A number of different animal models take been used to study the origins and evolution of Parkinson's disease. Perhaps most commonly used, and the one that has yielded the greatest insights, has been the "MPTP" model. MPTP is a chemic that causes permanent symptoms of Parkinson's disease by killing sure neurons in the brain. Used in mice, rats, and sometimes primates, the MPTP model has immune researchers to study the effects of a wide variety of genes that are associated with human Parkinson's.

"Nigh of the current therapies for Parkinson'south symptoms developed over the years were all showtime tested in the experimental mouse, mostly the MPTP model, earlier existence given to people," says Serge Przedborski, K.D., Ph.D., Ph.D. professor of neurology and pathology at Columbia University Medical Center in New York and a leading Parkinson's researcher. "Information technology gives usa a ballpark idea, before clinical trials, if the treatment is going in the right direction or not."

Perhaps an even more exciting direction made possible by MPTP animate being inquiry has been the development of deep brain stimulation (DBS) for Parkinson's disease. DBS uses a surgically implanted, battery-operated device chosen a neurostimulator—similar a pacemaker for the brain—to send an electrical signal to the areas of the encephalon that control movement, blocking the abnormal nerve impulses that lead to Parkinson's symptoms. Although it's not a cure, DBS has significantly reduced symptoms for many people with Parkinson's.

"DBS had been used for years in people with epilepsy, merely the idea to use it in Parkinson's disease came from work that had been done on the chemical neuroanatomy of the encephalon in MPTP monkeys," explains Dr. Przedborski. "Scientists observed that once the neurons in the brain that made dopamine were destroyed, these monkeys given MPTP had hyperactivity in a certain area of the brain called the subthalamic nucleus. They found that if you used a toxin to destroy this nucleus, the Parkinson's symptoms in the monkey disappeared. From that, they theorized that if you implanted a needle to jam this hyperactivity with high-frequency electric stimulation, you'd go the same outcome. And that's exactly what happened—creating a handling that has been the 2d most significant advance in the management of Parkinson's since the discovery of levodopa. If you eliminate the MPTP monkey, this never would have happened."

What'south more, the lessons that have been learned from animal models in one neurologic illness tin can oftentimes be "cross-fertilized" into other brain and central nervous system disorders.
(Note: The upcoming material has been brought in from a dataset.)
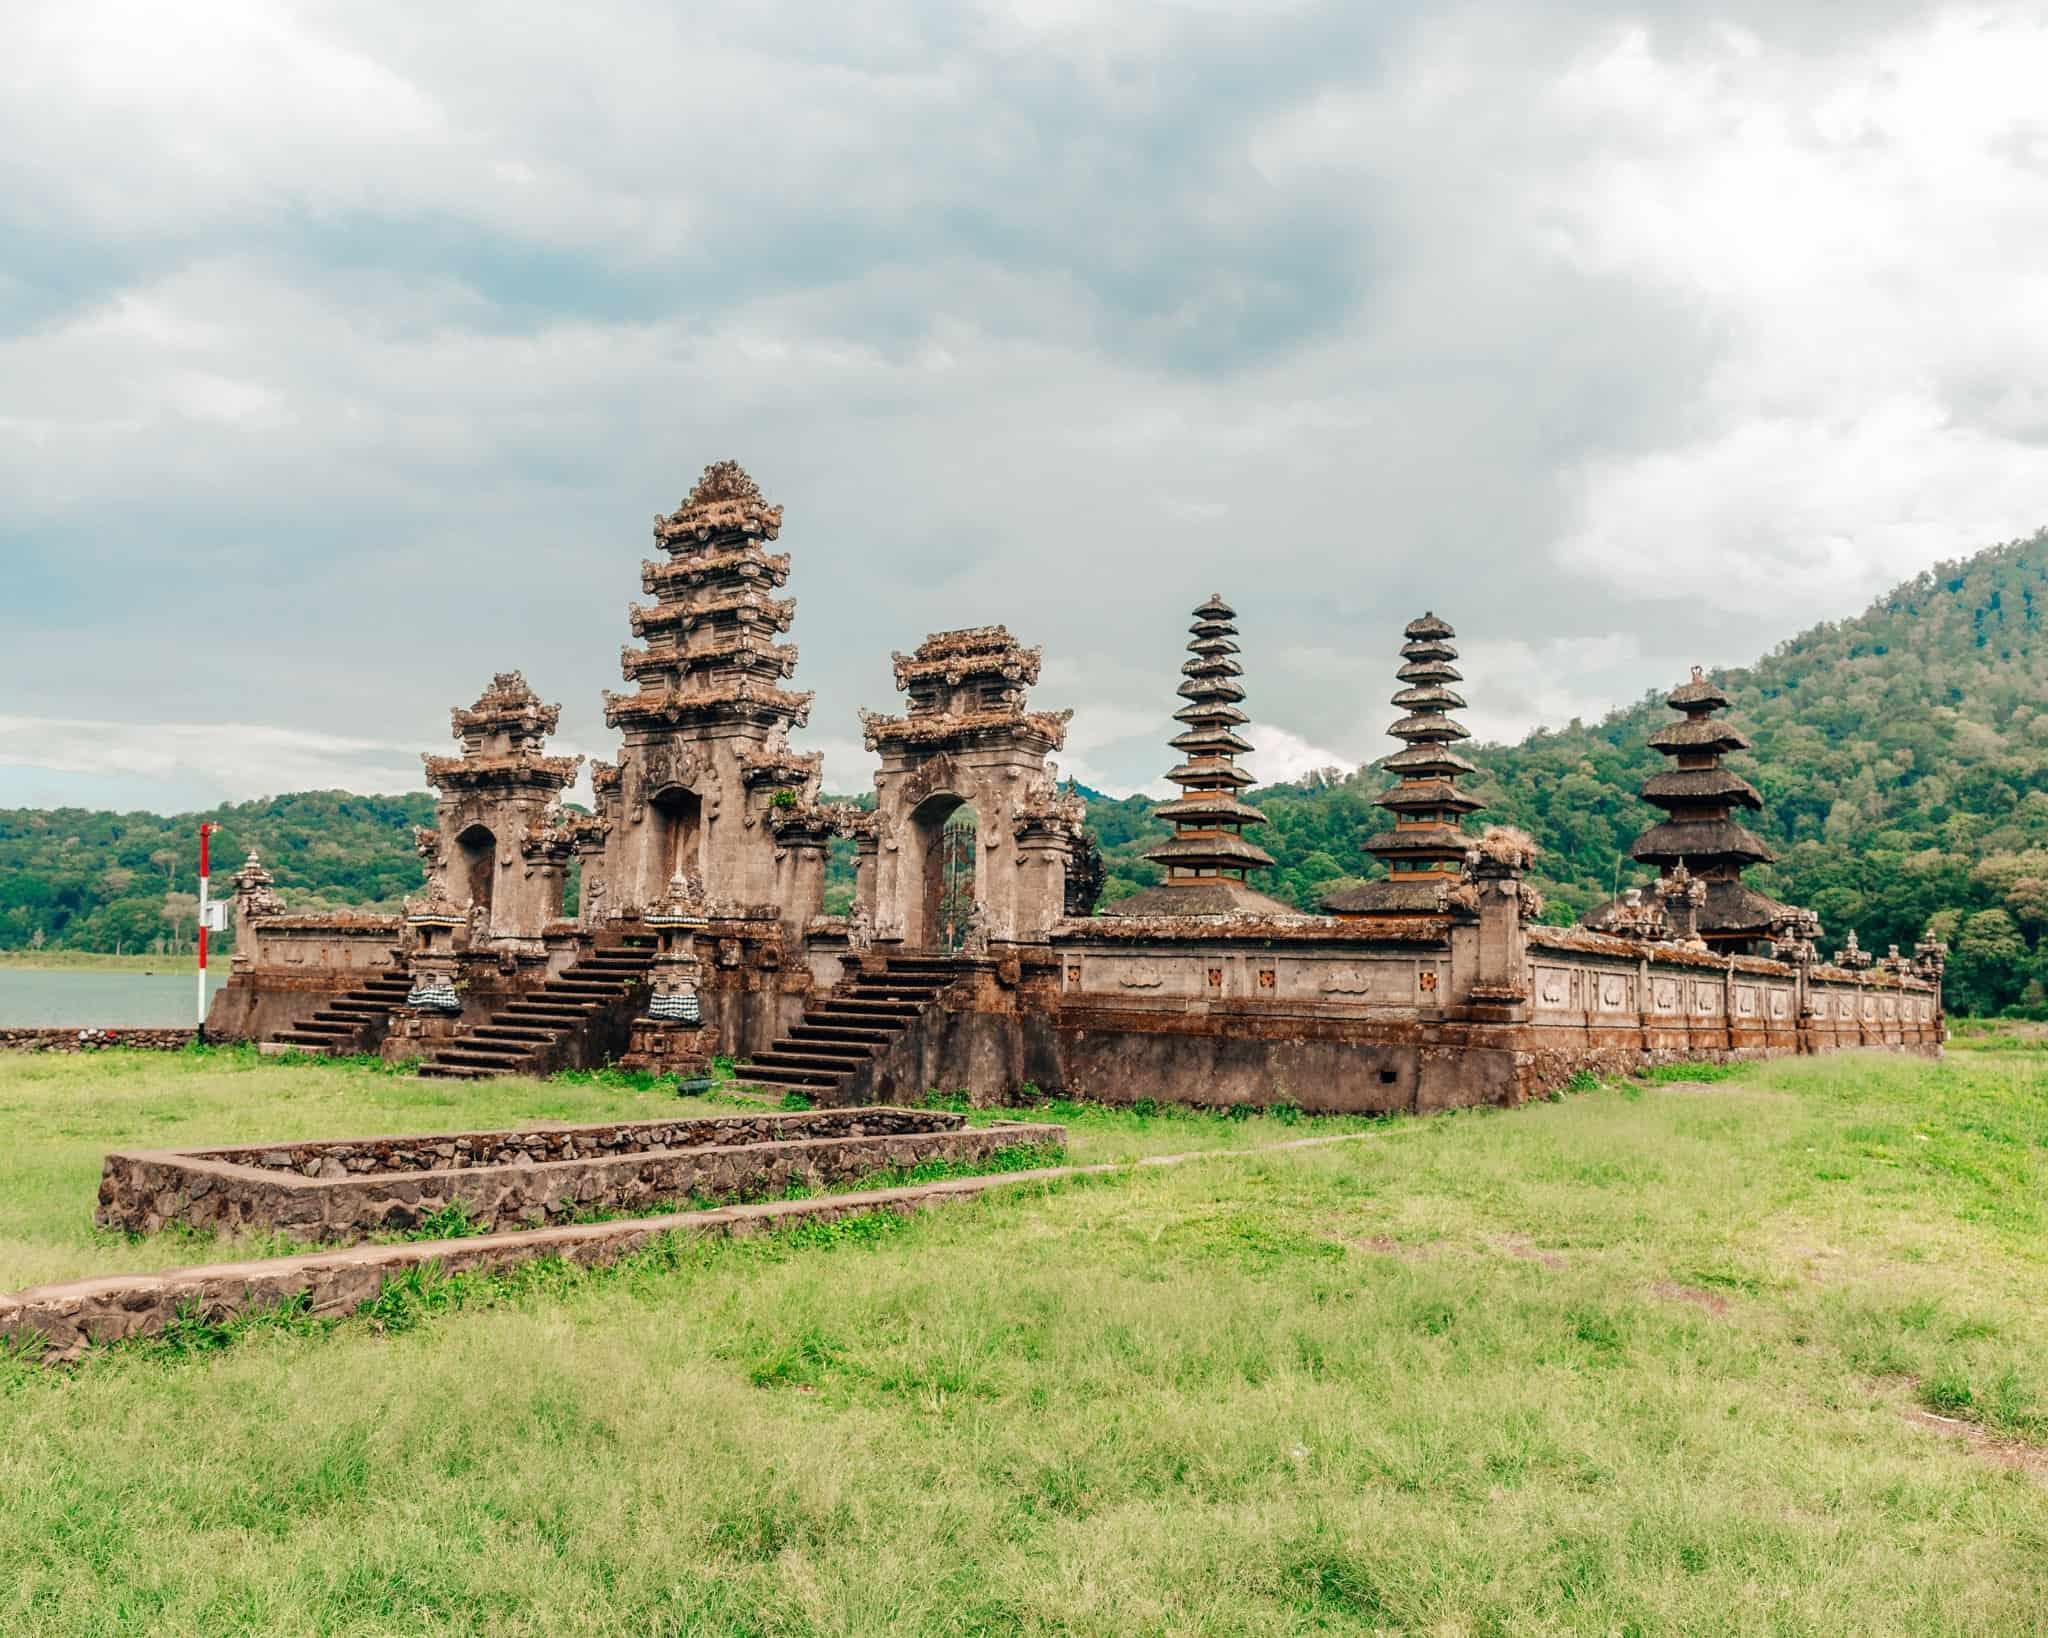 Pura Ulun Danu Tamblingan Floating Temple Bali - The Next Trip

For example, Dr. Ransohoff points out, researchers are taking lessons learned from the EAE model and from basic neuroscience and performing crossover experiments in an try to understand how inflammation works in other chronic neurodegenerative diseases.

"If nosotros could get a handle on which aspects of inflammation are helpful and which are harmful, we might have tools in our arsenal of treatments that could exist applied to many forms of neurodegeneration," he says. "This kind of research is something that merely animal models tin can help us do."

Larn more about the use of animals in biomedical inquiry.